Year: Team; Games; Passing; Rushing; Sacks
GP: GS; Record; Cmp; Att; Pct; Yds; Y/A; Lng; TD; Int; Rtg; Att; Yds; Avg; Lng; TD; Sck; Yds
1986: IND; 12; 11; 0-11; 204; 417; 48.9; 2,225; 5.3; 84; 8; 18; 53.5; 13; 21; 1.6; 8; 1; 29; 213
1987: IND; 10; 8; 5-3; 128; 229; 55.9; 1,587; 6.9; 55; 6; 6; 75.4; 15; 7; 0.5; 9; 0; 13; 100
1988: IND; 2; 2; 0-2; 14; 34; 41.2; 158; 4.6; 48; 0; 3; 19.0; 0; 0; 0.0; 0; 0; 2; 13
1989: IND; 13; 12; 7-5; 190; 362; 52.5; 2,317; 6.4; 71; 15; 13; 71.3; 35; 91; 2.6; 17; 2; 20; 125
1990: IND; 6; 4; 2-2; 84; 144; 58.3; 1,078; 7.5; 73; 6; 6; 78.4; 10; 28; 2.8; 9; 0; 14; 104
1991: IND; 2; 0; 0-0; 2; 7; 28.6; 19; 2.7; 11; 0; 1; 0.0; 0; 0; 0.0; 0; 0; 1; 6
1992: IND; 11; 5; 2-3; 105; 181; 58.0; 1,271; 7.0; 81; 4; 8; 68.6; 13; 6; 0.5; 5; 0; 11; 85
1993: IND; 5; 5; 2-3; 85; 162; 52.5; 992; 6.1; 68; 2; 7; 57.4; 5; 3; 0.6; 2; 0; 2; 11
1994: NYJ; 5; 2; 1-1; 50; 91; 54.9; 496; 5.5; 24; 1; 4; 55.9; 6; 30; 5.0; 15; 0; 9; 52
1995: CAR; 1; 0; 0-0; 11; 17; 64.7; 100; 5.9; 19; 0; 3; 40.9; 0; 0; 0.0; 0; 0; 2; 8
Career: 67; 49; 19-30; 873; 1,644; 53.1; 10,243; 6.2; 84; 42; 69; 63.3; 97; 186; 1.9; 17; 3; 103; 717

===Playoffs===

Year: Team; Games; Passing; Rushing; Sacks
GP: GS; Record; Cmp; Att; Pct; Yds; Y/A; Lng; TD; Int; Rtg; Att; Yds; Avg; Lng; TD; Sck; Yds
1987: IND; 1; 1; 0-1; 21; 33; 63.6; 251; 7.6; 29; 2; 1; 94.4; 2; 4; 2.0; 4; 0; 2; 14
Career: 1; 1; 0-1; 21; 33; 63.6; 251; 7.6; 29; 2; 1; 94.4; 2; 4; 2.0; 4; 0; 2; 14

==Personal life==
He and his ex-wife Lisa have a daughter (Danielle) and three sons (John, Beau, and Trey). His brother Kevin was drafted at age 18 as a pitcher for the New York Yankees organization. After retiring from football, Jack Trudeau invested to be a co-owner of Wolf Run Golf Club in Indiana. . He was a weekly guest on The Bob and Tom Show, broadcast out of Indianapolis, for many seasons, discussing the Colts and other happenings in the NFL.

===Radio career===
In 2010, Trudeau began hosting a local sports talk morning show with Zakk Tyler on WNDE in Indianapolis. The next year, the show (called Zakk and Jack) was picked up for national syndication by Fox Sports Radio to replace the departing Stephen A. Smith. The show was cancelled by FSR later that same year, as the pair were replaced by Andy Furman and former NFL defensive back Artrell Hawkins.

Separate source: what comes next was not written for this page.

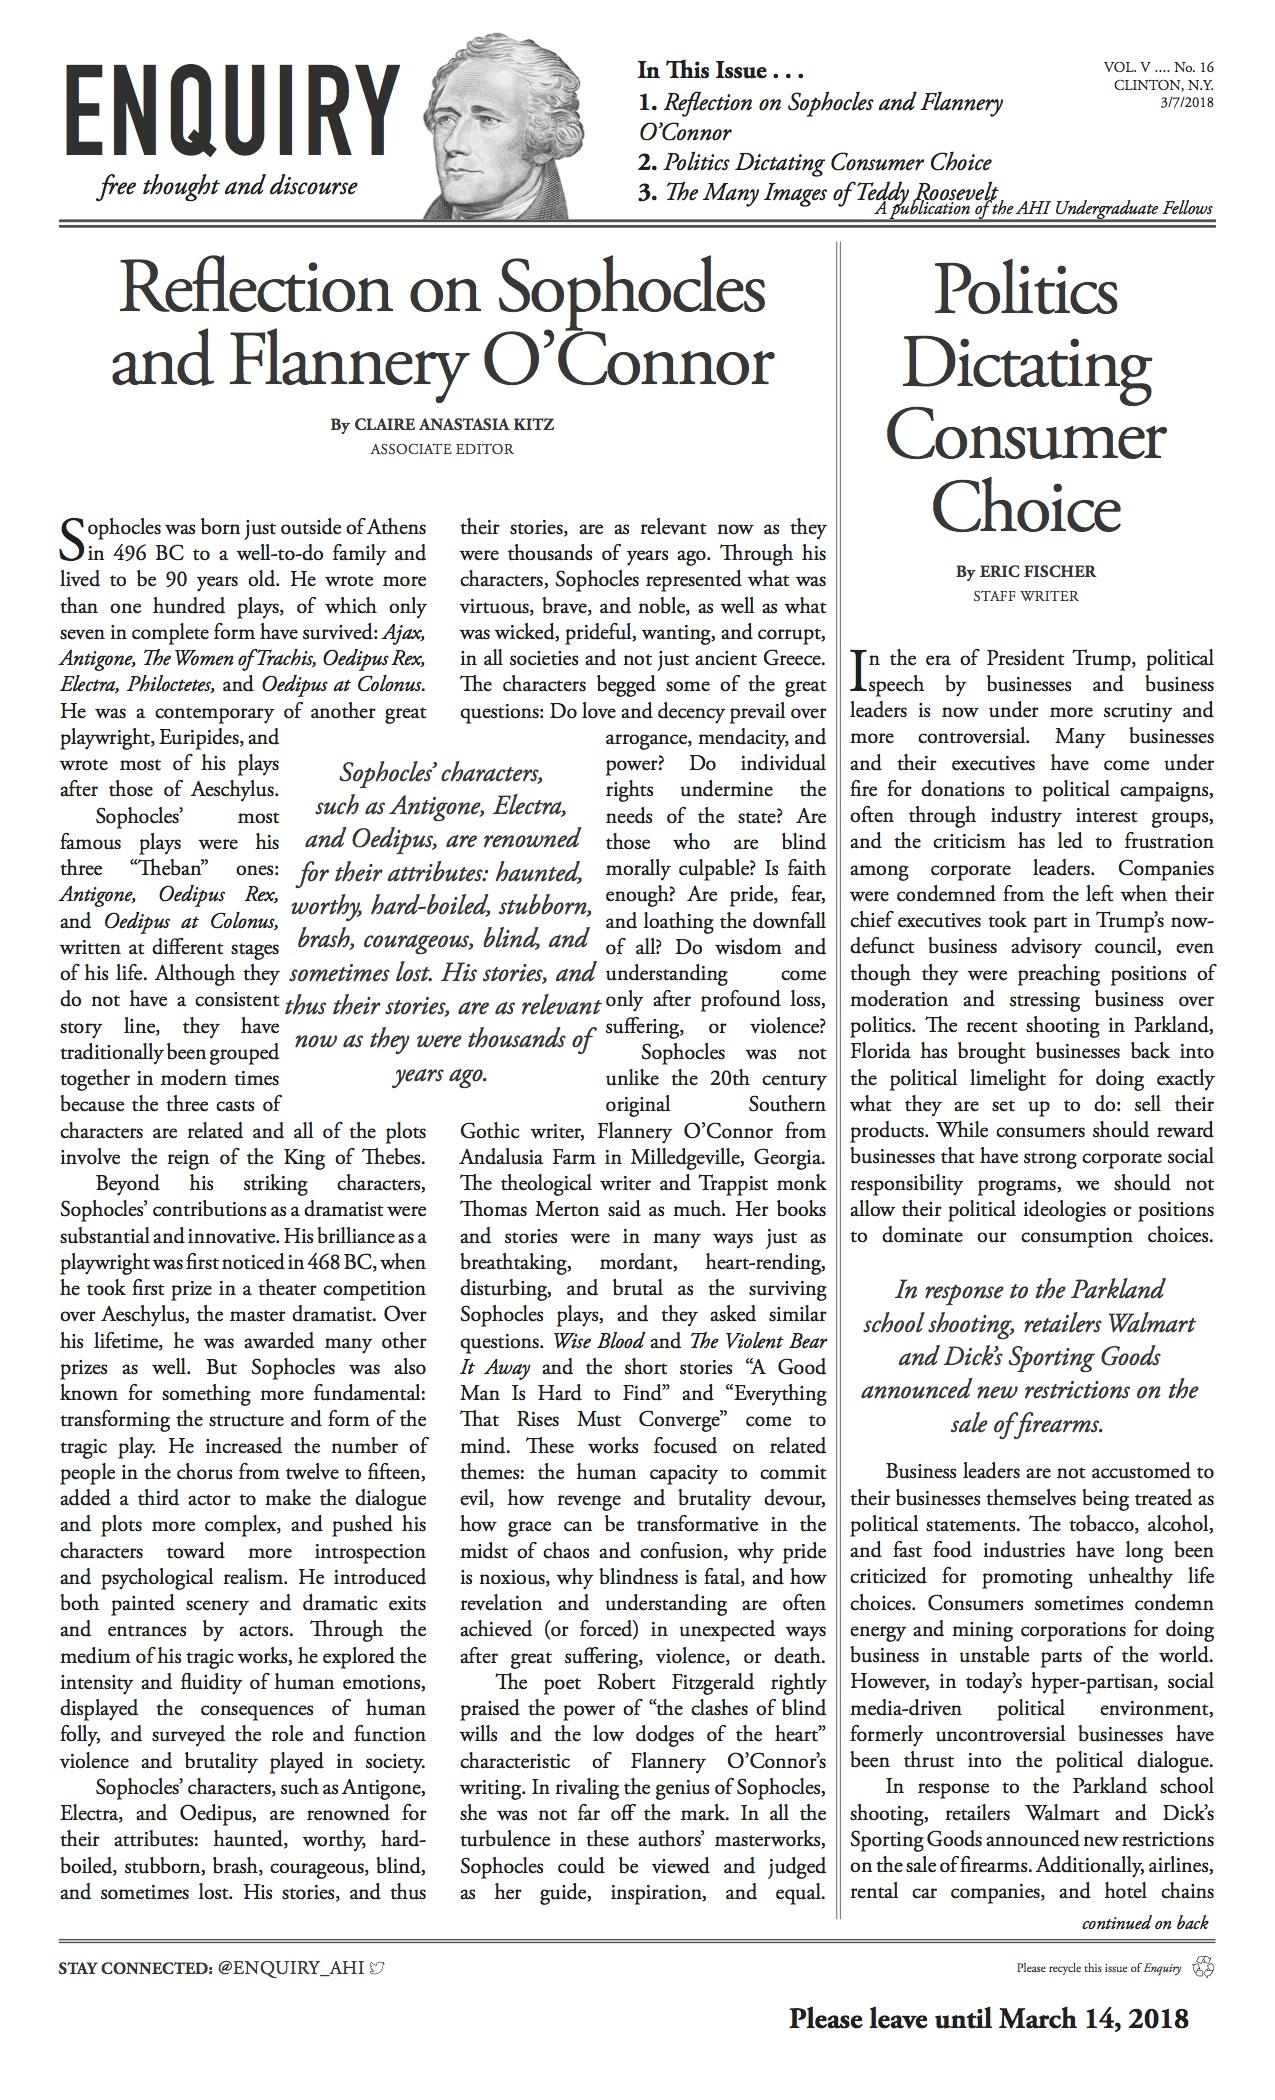 Enquiry Vol 5 No 16 front.jpg

Trudeau was involved in a controversial exchange in August 2011 with then first-year Indiana Hoosiers football head coach Kevin Wilson. During the interview, Wilson responded to Trudeau's mocking of Indiana's football team by pointing out the former quarterback's criminal history.

===DUI Arrest===
Trudeau was arrested for his second DUI in Indiana in July 2015 along with allegations of intimidating a police officer after testing 0.31 on a breath test and threatening to kill an Indiana officer. He was arrested previously in 1990.